Corn Bread Turkey Casserole Recipe
- 3 packages (6 ounces each) crushed corn bread stuffing mix
- 11 cups cubed cooked turkey
- 2 cups shredded cheddar cheese
- 2 cans (10-3/4 ounces each) condensed cream of celery soup, undiluted
- 2 cans (10-3/4 ounces each) condensed cream of chicken soup, undiluted
- 1 can (10-3/4 ounces) condensed cream of mushroom soup, undiluted
- 1 can (12 ounces) evaporated milk
- 1-1/2 cups shredded Swiss cheese
- 1. Prepare stuffing mix according to package directions. Add turkey and cheddar cheese. In a large bowl, combine soups and milk. In three greased 13x9-in. baking dishes, layer each with 1 cup turkey mixture and 1 cup soup mixture. Repeat layers. Sprinkle with Swiss cheese.
- 2. Cover and freeze two casseroles for up to 3 months. Cover and bake the remaining casserole at 350° for 30-35 minutes or until bubbly. Let stand for 5-10 minutes before serving.
- 3. To use frozen casseroles: Thaw each in the refrigerator. Let stand for 30 minutes at room temperature before baking. Bake, uncovered, at 350° for 35-40 minutes or until bubbly. Let stand for 5-10 minutes before serving. Yield: 3 casseroles (8 servings each).
1 serving: 377 calories, 19g fat (9g saturated fat), 89mg cholesterol, 973mg sodium, 23g carbohydrate (5g sugars, 2g fiber), 27g protein.
Reviews for Corn Bread Turkey Casserole
"This sounds good. i'm like "quickfix". Southern born, I make a couple pans of homemade cornbread in November & freeze them. I've never seen cornbread stuffing mix where I live now! I' ve never made cornbread from a box so why stuffing mix? Homemade is fast & so much better! I use one pan some bread, rolls, leftover biscuits (whatever's handy), cream o chicken and/or celery soup, eggs, seasoning for my Dressing. I would do the same for this recipe unless there was leftover cornbread dressing then I'd use that, add the turkey then cheese. I'd have to double my dressing recipe & hide the extra pan for use with the casserole. GOOD IDEA FOR LEFTOVERS or when you have that "turkey & stuffing" craving & it's not Thanksgiving or Christmas."
"I haven't tried this yet, but I use a can of Cream of chicken and a can of Cream of Celery soup in my dressing (stuffing). then I just make enugh of it and the giblet gravy to have that left over. We all love the dressing so much. Also, I just wondered, does anyone ever think of just making a pan of cornbread the day before for the dressing?

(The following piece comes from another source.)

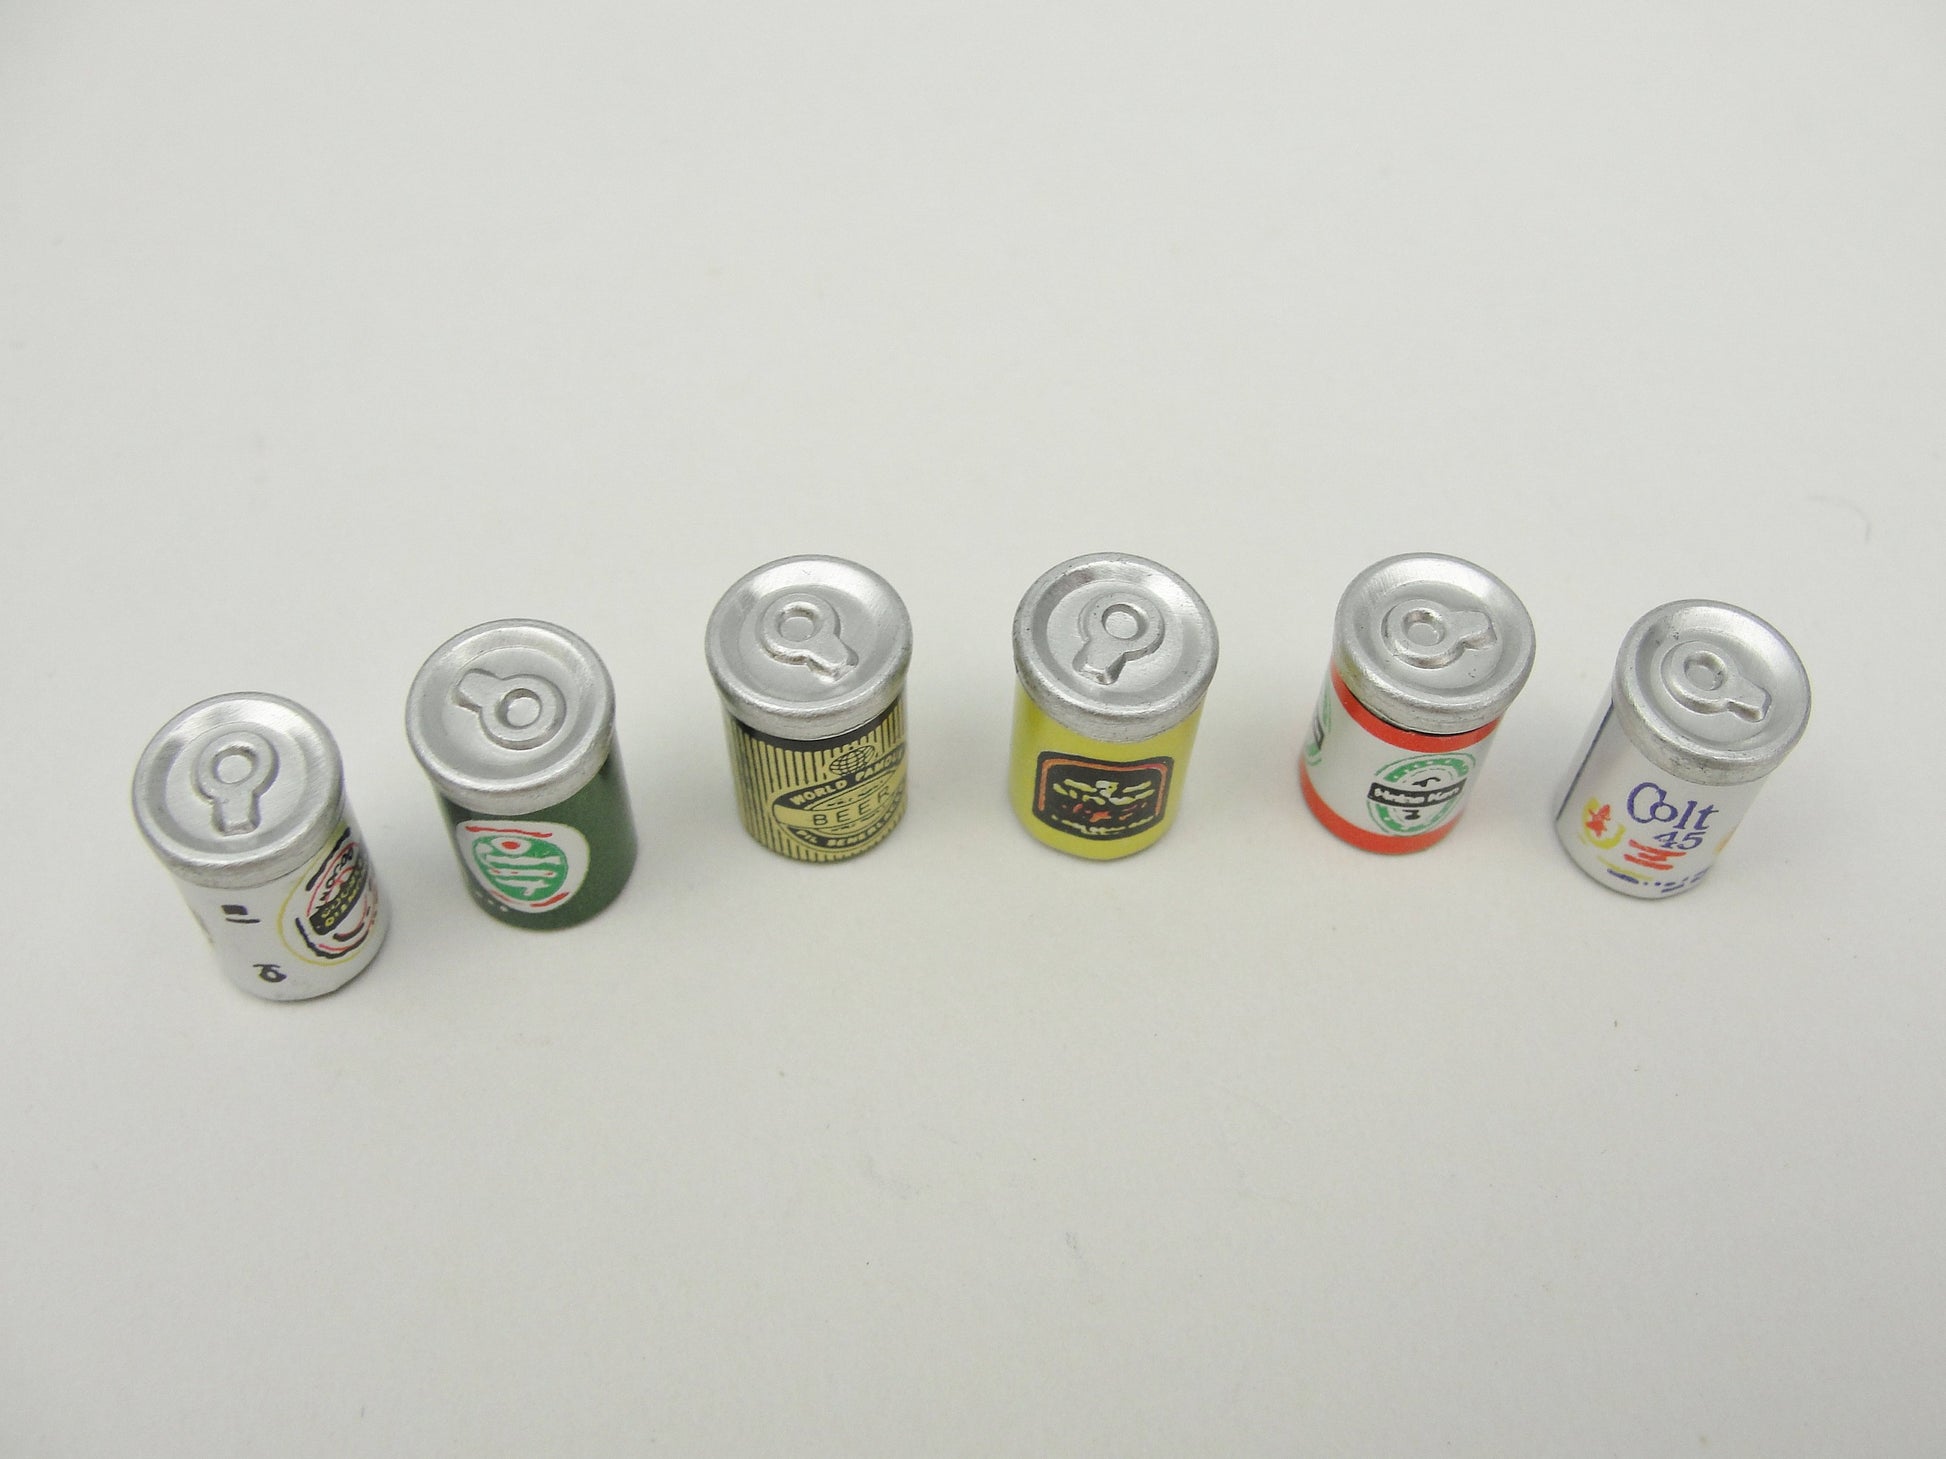 Dollhouse beer cans set of 6 - Miniatures - Craft Supply House

It is sooo much better than that stuff out of the bag!"
"Instead of using the canned soup, I made a bechemel sauce with chicken broth and seasonings. added some of the cheddar to it, too. I also used Jennie-O sun dried tomato flavored turkey breast (had it left over); next time I might add whatever leftover veggies I have too. Was easy and a great dinner for those nights when time is precious."
"you can use fat-free I must try it using the low or no-fat."
"unable to find nutritional facts. All that soup makes the salt content out of sight"
"Too much canned soup for me!"
"sounds good, but I would definitely add some veggies to that."